The strategy I've taken for the moment is to markup all routines as sequential and to markup a huge loop over hydro cells that calls the initial sequential routine bdf_advance
. The markup looks like this:
!$acc parallel loop gang vector present(dens, temp, eos_cp, eos_dhdX, &
!$acc Xin, Xout, rho_omegadot, rho_Hnuc, ebin, ts) &
!$acc private(ierr, y, y0, y1) reduction(+:ierr_tot)
do i = 1, npt
! ...
call bdf_advance(ts(i), NEQ, bdf_npt, y0, t0, y1, t1, &
DT0, RESET, REUSE, ierr, .true.)
! ...
end do
Here we tell the compiler we want this loop to be run in parallel on the GPU. The gang
and vector
options represent the heirarchy of parallelism we want to use on the GPU. To understand this, it's helpful to take a look at the card:
Here's a zoom-in on an SMX unit:
There is a rough correlation between the heirarchy of parallelism on the hardware and that exposed in the OpenACC standard.

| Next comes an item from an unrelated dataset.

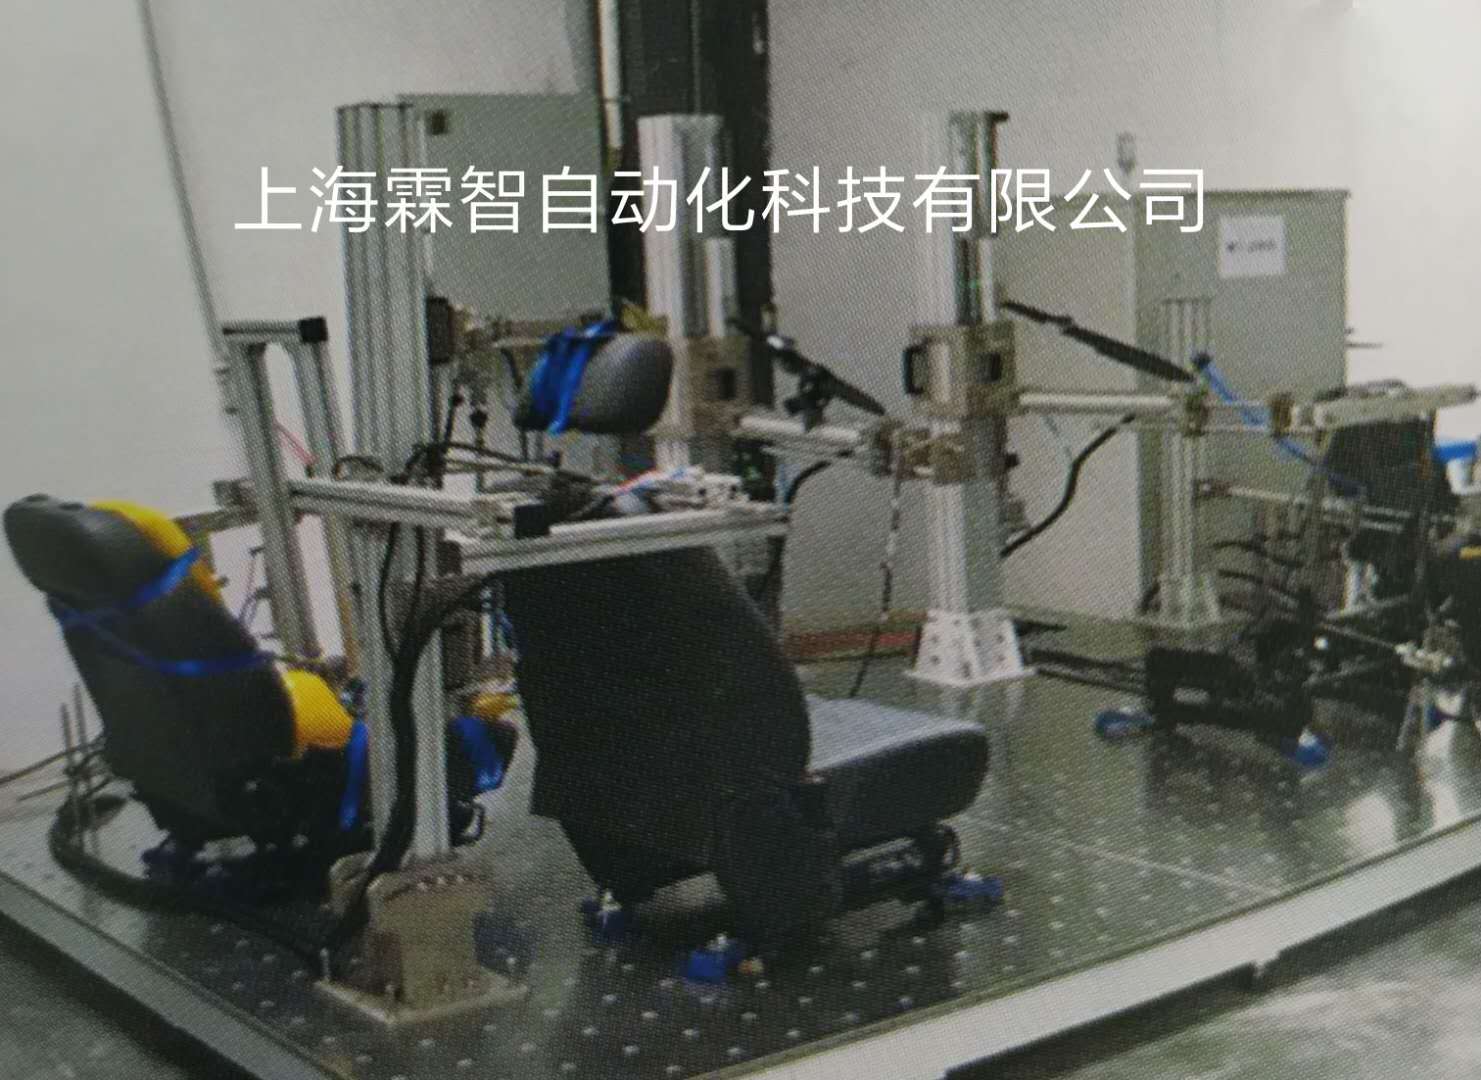 上海霖智科技座椅及零部件检测设备

My understanding is it's not necessarily rigidly followed by compilers if they think they can be clever, but it's helpful for thinking about how your code is being run.
gang
parallelism is across SMX units, of which the K20x's have 14 active. For initial development, I do not recommend trying to think of what's called worker
parallelism. This is parallelism over the warp schedulers in an SMX. Rather, initially I prefer to focus on vector
parallelism, which is parallelism over the CUDA cores in an SMX if you don't use worker
parallelism and over the CUDA cores in a warp if you do. Thus, in the loop I showed above, we parallelize over the SMX's and the CUDA cores within each SMX by giving the loop directive gang
and vector
options.
Note that our directive also includes data statements present
and private
:
!$acc parallel loop gang vector present(dens, temp, eos_cp, eos_dhdX, &
!$acc Xin, Xout, rho_omegadot, rho_Hnuc, ebin, ts) &
!$acc private(ierr, y, y0, y1) reduction(+:ierr_tot)
do i = 1, npt
! ...
call bdf_advance(ts(i), NEQ, bdf_npt, y0, t0, y1, t1, &
DT0, RESET, REUSE, ierr, .true.)
! ...
end do
present
tells the compiler that the listed data is already present on the GPU, while private
tells the compiler that each thread on the GPU should have its own copy of the listed data. We also see a reduction
, which will sum up the value of ierr
from all cores and return the summed up value to the host/CPU.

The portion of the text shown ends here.